## WHAT THE TASK ASKS
Drop every picture, then transcribe the remaining data exactly.

## DATASET EXTRACT
——
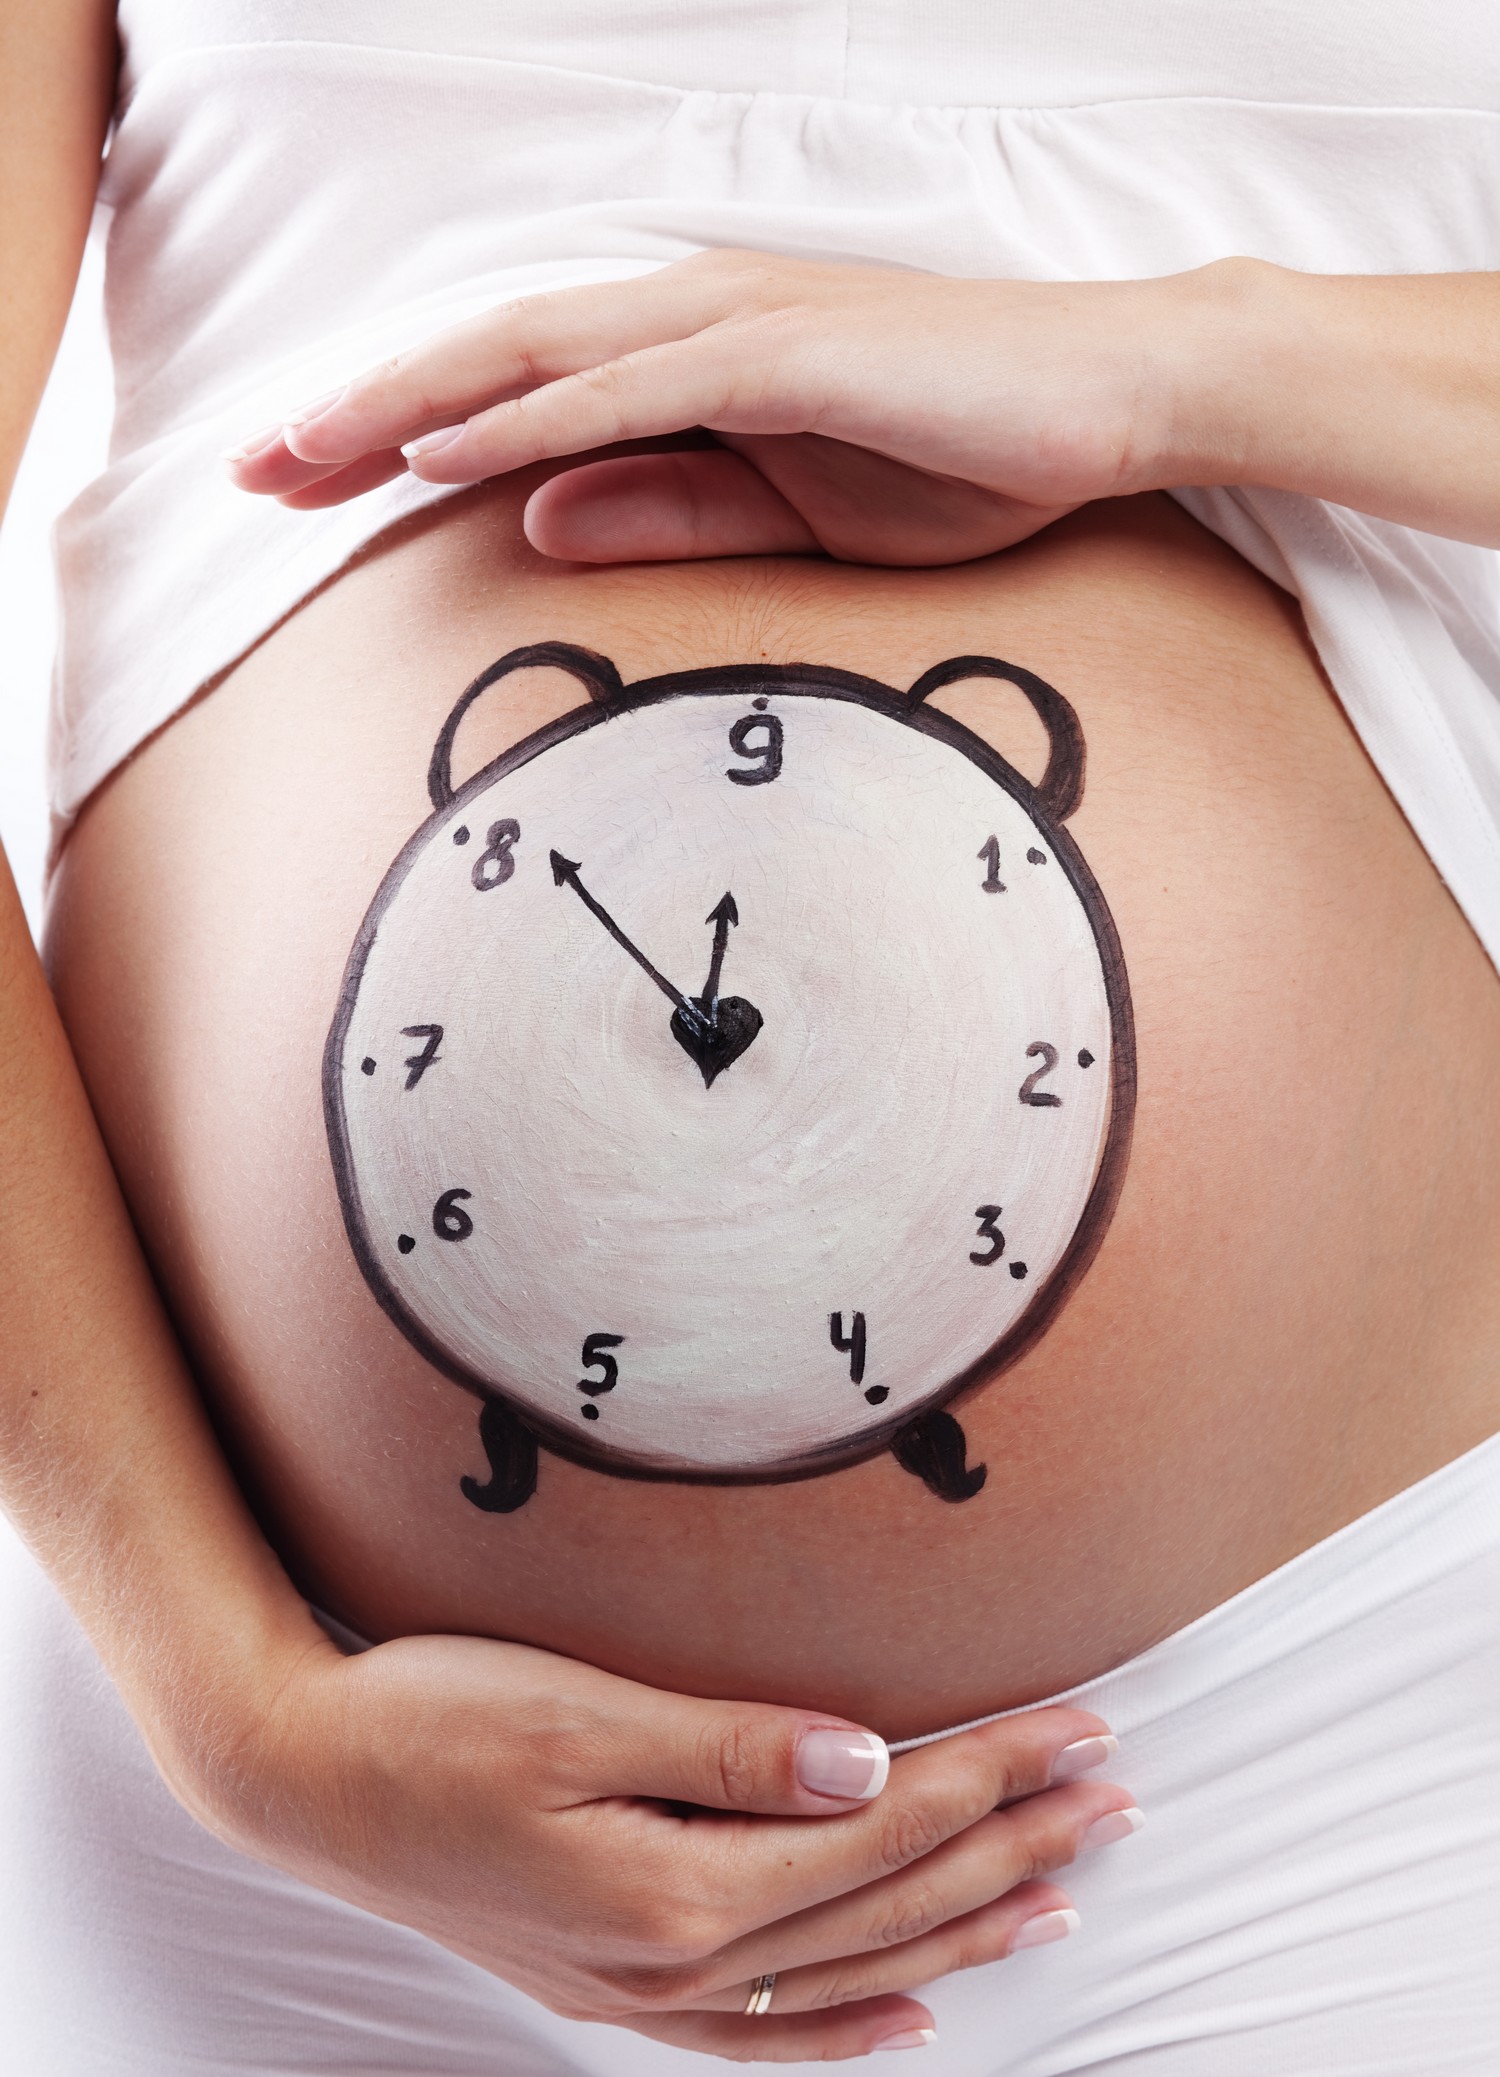 Роды 9 часов. Живот беременной и часы. Часы на животе. Беременные животики.
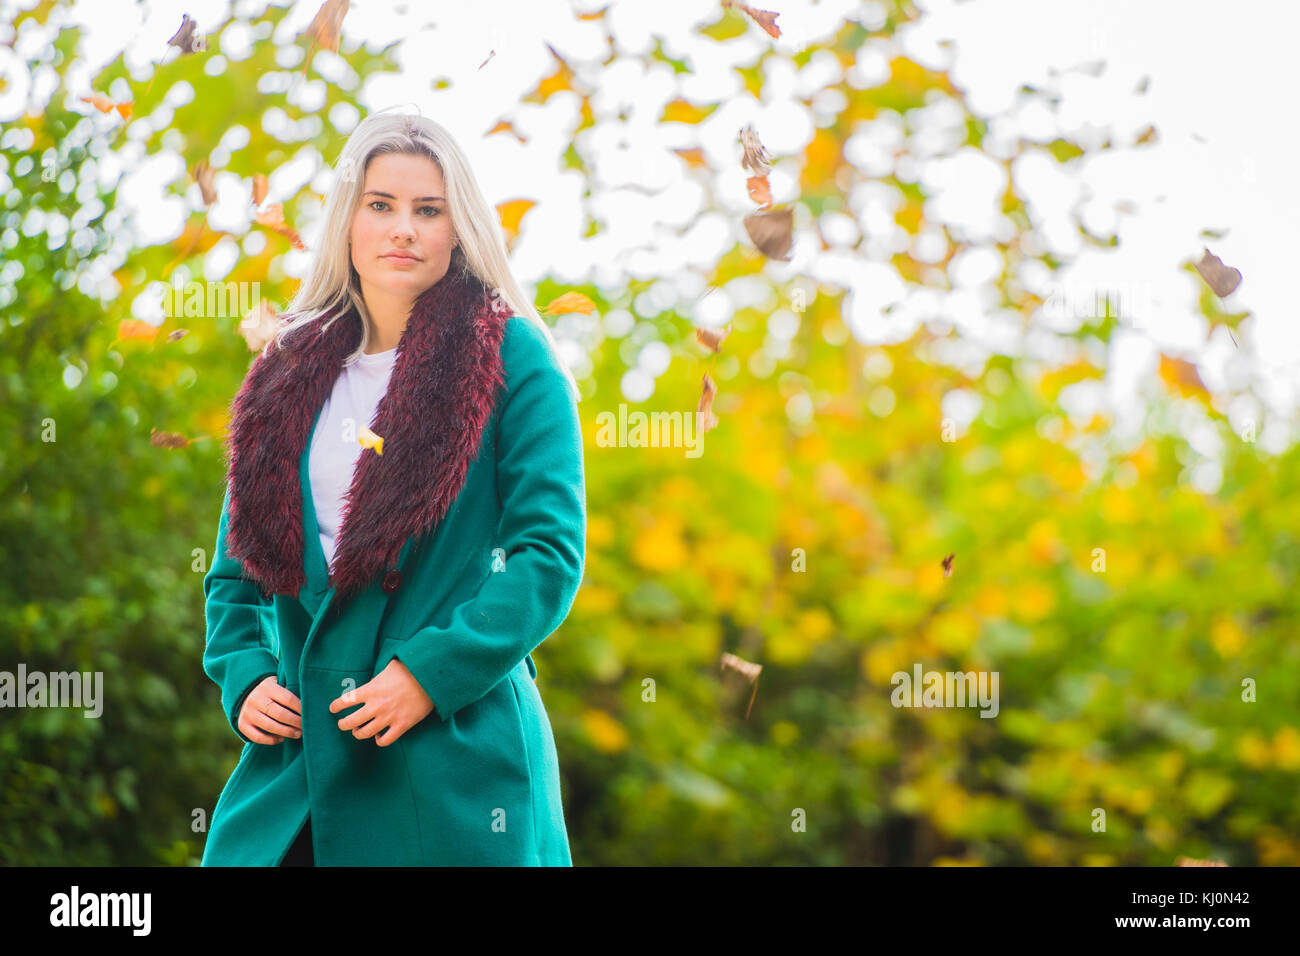 Jugendmädchen Modellierung in Großbritannien: Eine junge 16 jährige Pubertierende, trug einen Pelzbesatz grünen Mantel, modeling Posing im Freien an einem Herbsttag, Großbritannien Stockfoto
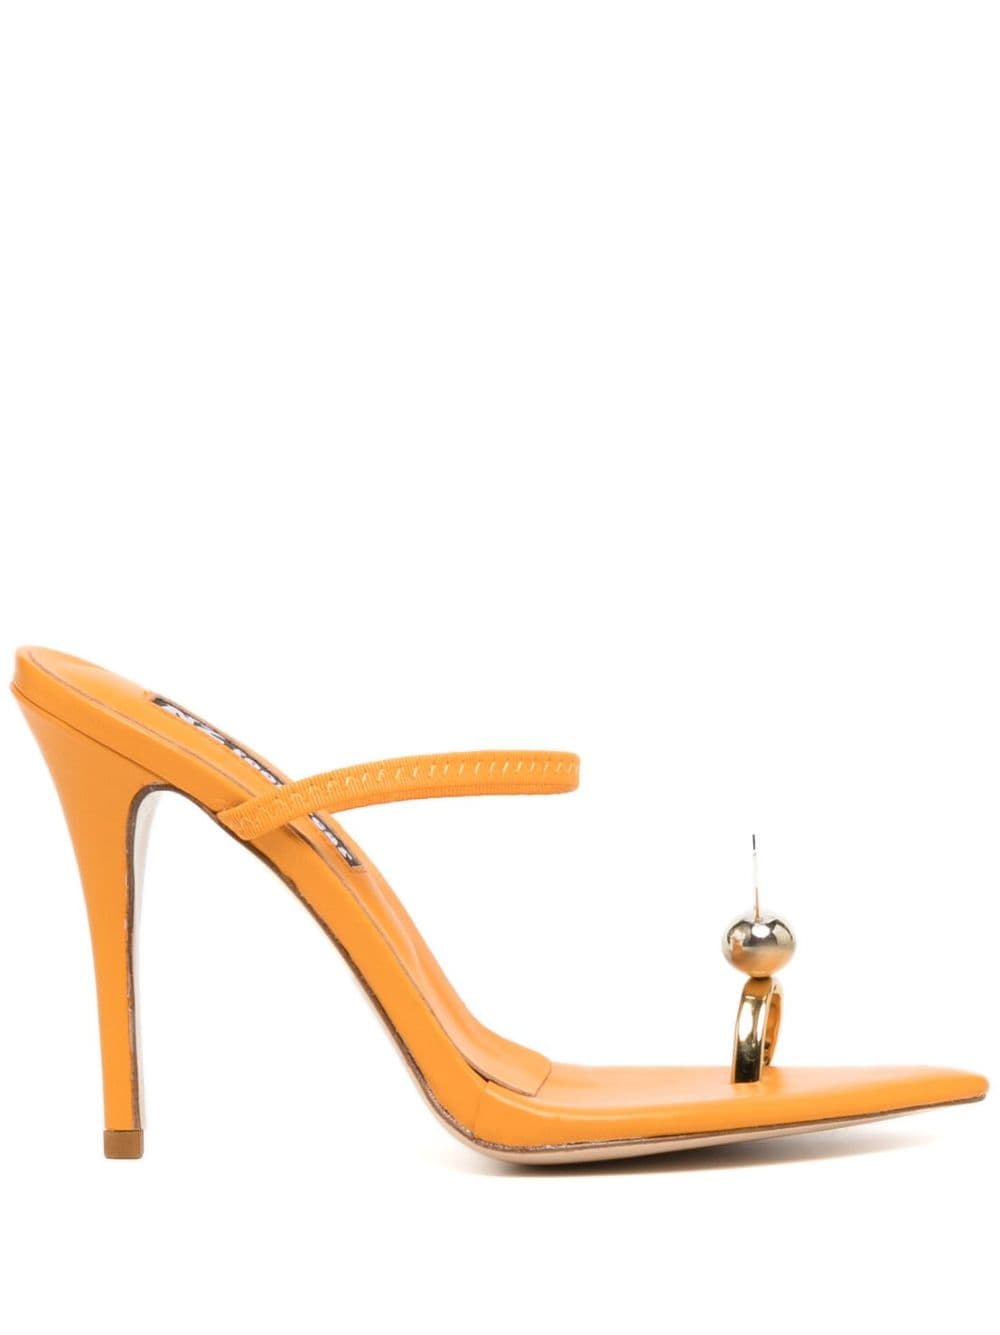 Natasha Zinko Bunny 110mm leather sandals - Orange von Natasha Zinko
——
## SOLUTION BELOW
 Роды 9 часов. Живот беременной и часы. Часы на животе. Беременные животики.
 Jugendmädchen Modellierung in Großbritannien: Eine junge 16 jährige Pubertierende, trug einen Pelzbesatz grünen Mantel, modeling Posing im Freien an einem Herbsttag, Großbritannien Stockfoto
 Natasha Zinko Bunny 110mm leather sandals - Orange von Natasha Zinko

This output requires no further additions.